Economic model: Melilia’s salvation comes through Morocco

What model should the enclave adopt to guarantee its economic prosperity and, above all, to “free itself” from the weight of the kingdom in its economic fabric? This is the question addressed by a group of specialists including university researchers, business leaders and the public authorities of the enclave. Entitled “Mélilia 2029 Strategic Plan”, this meeting of reflection should inspire the drafters of the next economic roadmap for the enclave over the next decade. The dilemma posed to the speakers during this debate concerns the age-old question of the integration of the European customs area and the consequences of this accession on neighbourhood relations with Morocco.

In fact, the authorities in Melilia want it both ways. The integration of the European customs area includes a series of advantages, certainly for the enclave, but also a fairly extensive list of disadvantages. Starting with the loss of the special tax status enjoyed by the occupied president, just like Sebta. In concrete terms, this transition means the loss of the IPSI, a reduced specific tax collected by the local government. However, an integration of the Community customs area means the transition to VAT, the revenue from which goes directly to the central government coffers. The enclave would therefore lose an important source of revenue.

Similarly, this change in status would lead to a dizzying rise in the cost of living in the presidency.
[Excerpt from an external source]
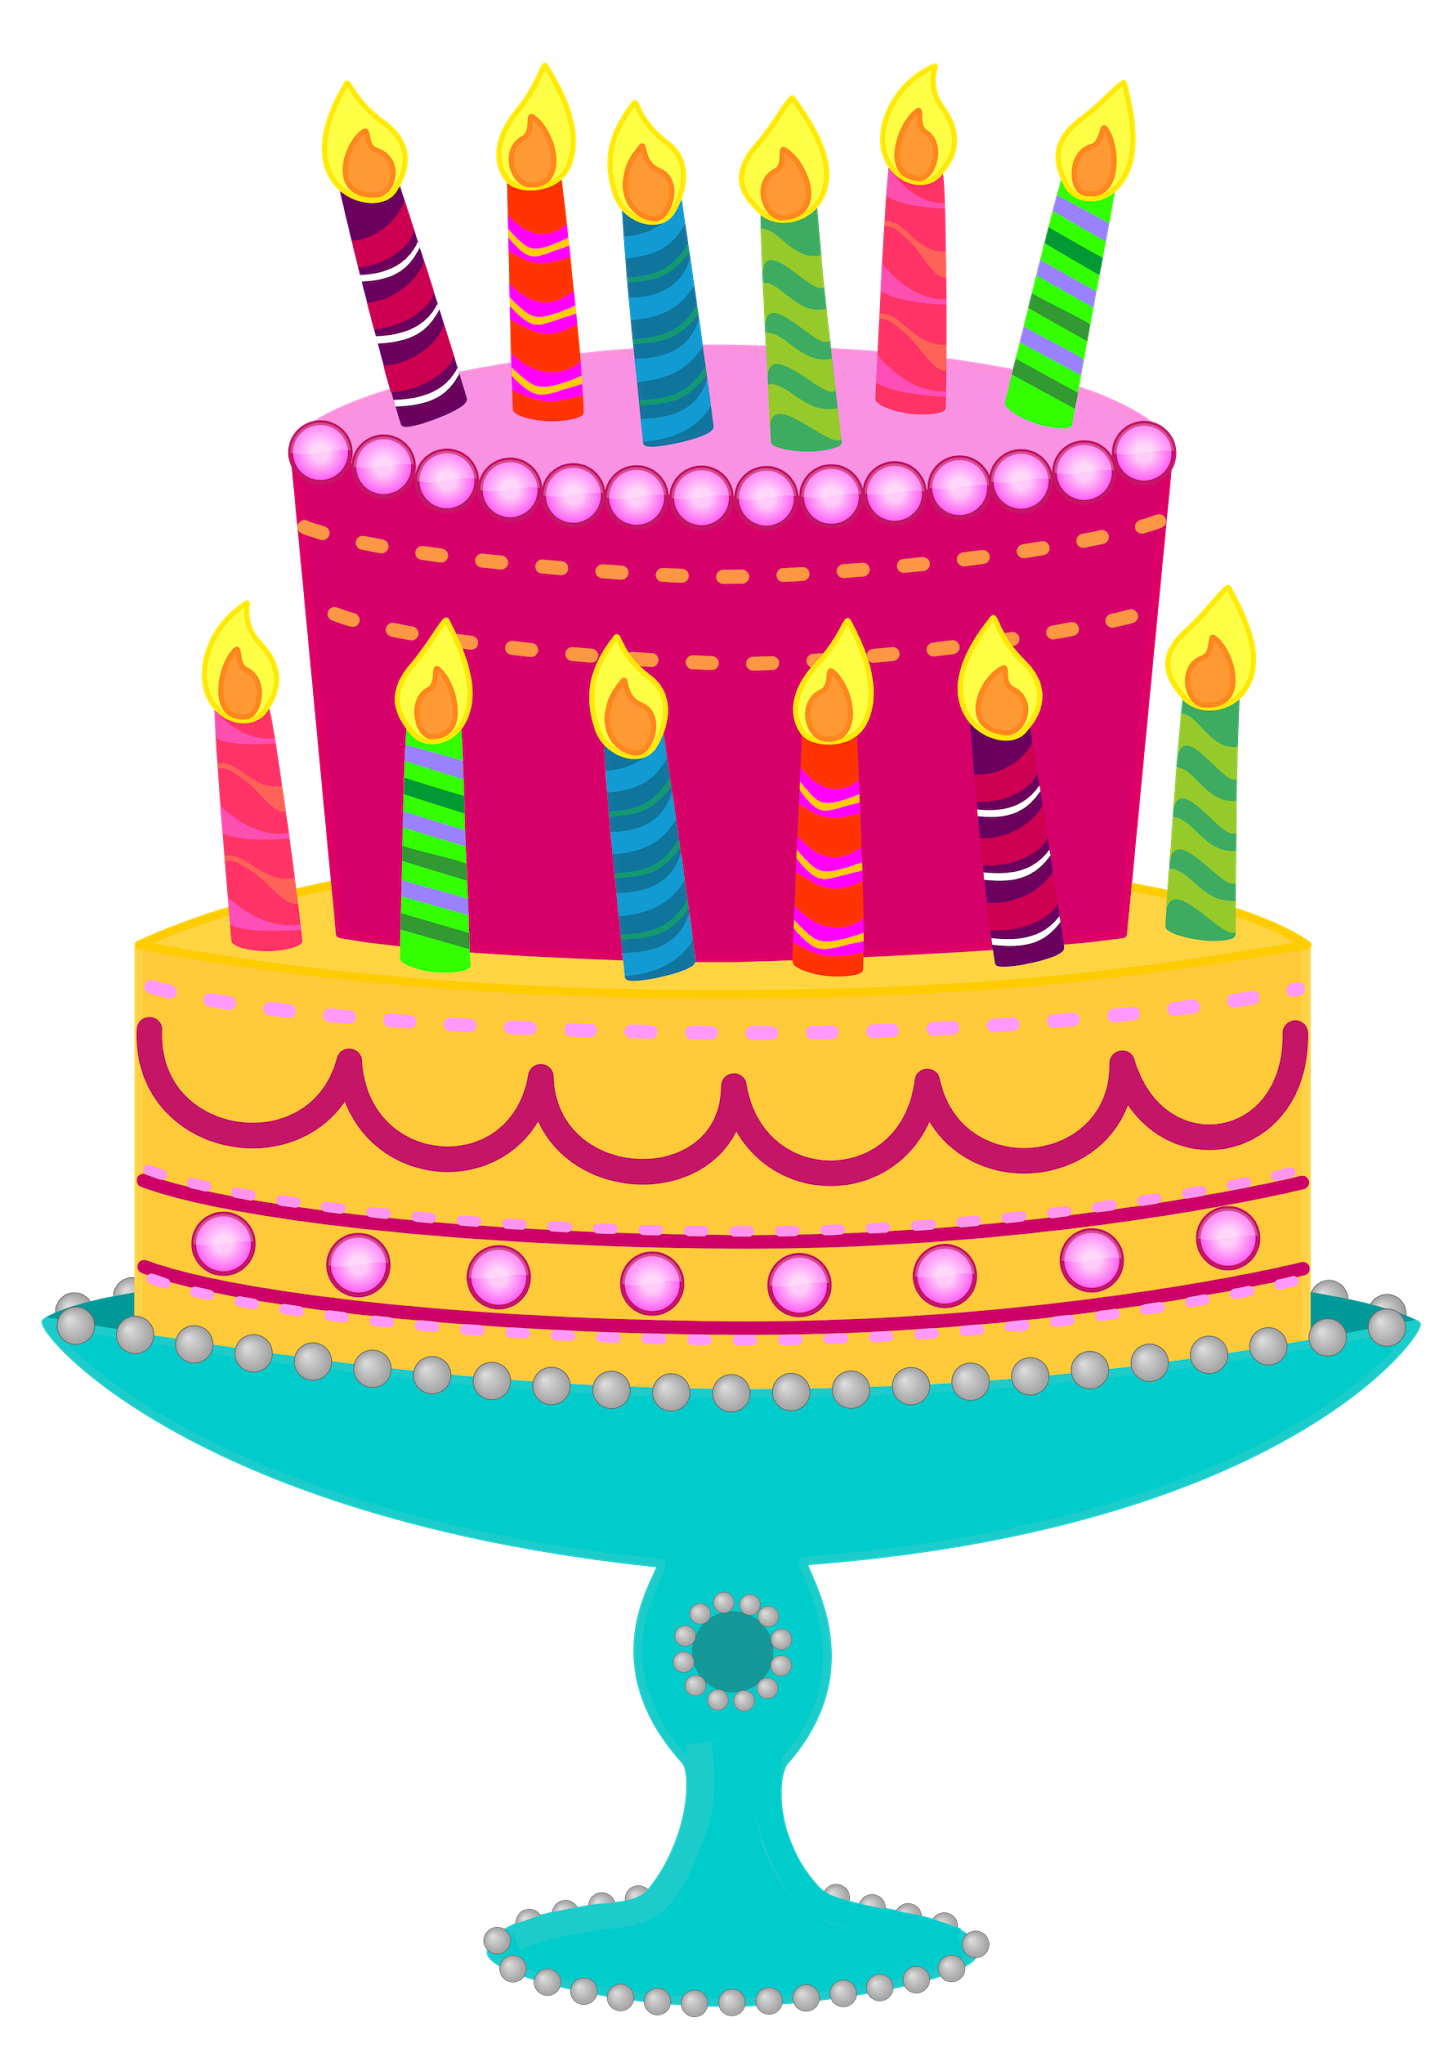 Download Free BIRTHDAY CAKE PNG transparent background and clipart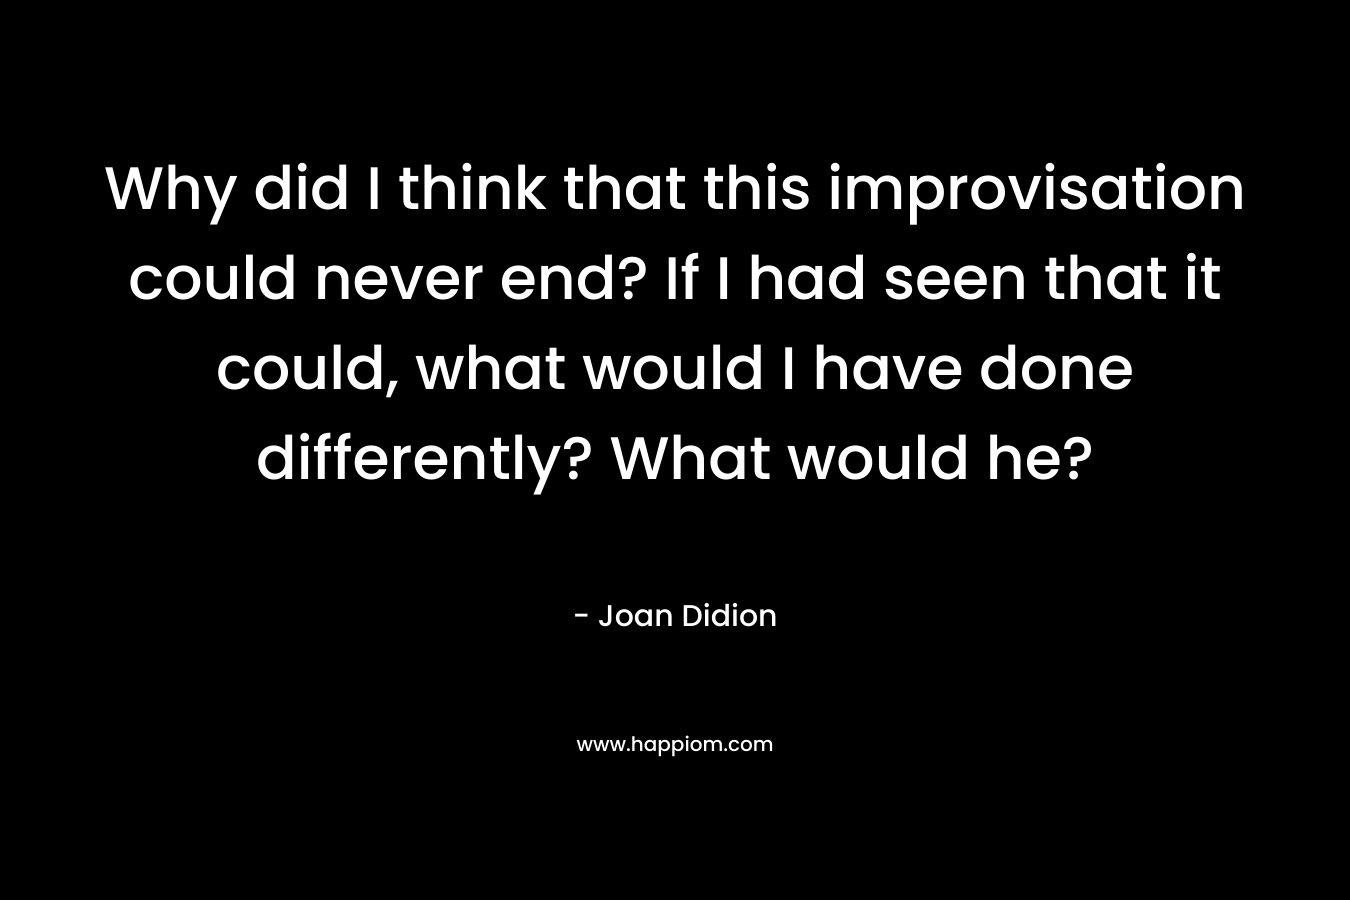 Why did I think that this improvisation could never end? If I had seen that it could, what would I have done differently? What would he? – Joan Didion

To this would be added the loss of “fiscal autonomy”, so that the Local Executive would have its hands tied to put its “economic policy” into practice. Hence the hesitation to take the plunge. And that is not all. The decision could give rise to political tensions with Morocco. In fact, some experts warned against this accession, which could damage the neighbourly relations between the kingdom and the president. In her intervention, Maria Dolores Rodriguez Mejias, the consultant to the Canary Islands in charge of exporting companies, indicated that “if the ambition of the Moroccan authorities is to develop this eastern region, any change in the customs status of the enclave would be a source of tension with the Moroccan authorities,” she understands. Other speakers emphasised the urgency of reopening commercial customs, which would be more judicious than joining the European customs area. Similarly, these reflections made it possible to review certain alternatives put forward previously to get around the closure of the Moroccan customs, such as redirecting trade flows to Algeria. For the experts, this hypothesis is not practical. On the other hand, the creation of the Melilia Special Zone was discussed. A sort of free zone to “promote the economic and social development of the city through the attraction of companies in Melilia”, it was proposed. In a way, the idea is to copy the model that the kingdom wishes to develop in this area.

In order to attract these firms, Mélilia proposes the application of a 4% tax rate to the companies based there, along with a large list of tax exemptions. However, the establishment of a free zone depends on the green light from the European Commission, which should authorise the project. However, the European Commission wants to be rigorous when it comes to issuing this type of authorisation. Anticipating the success of the next Nador-West Med port terminal and the city’s inability to cope with this new mastodon, the experts recommend an economic model based on the attraction of companies dedicated to the technology and digital sector. Furthermore, all the speakers were unanimous in highlighting the importance of preserving economic and commercial relations with the kingdom. In short, the economic salvation of Melilia passes through Morocco.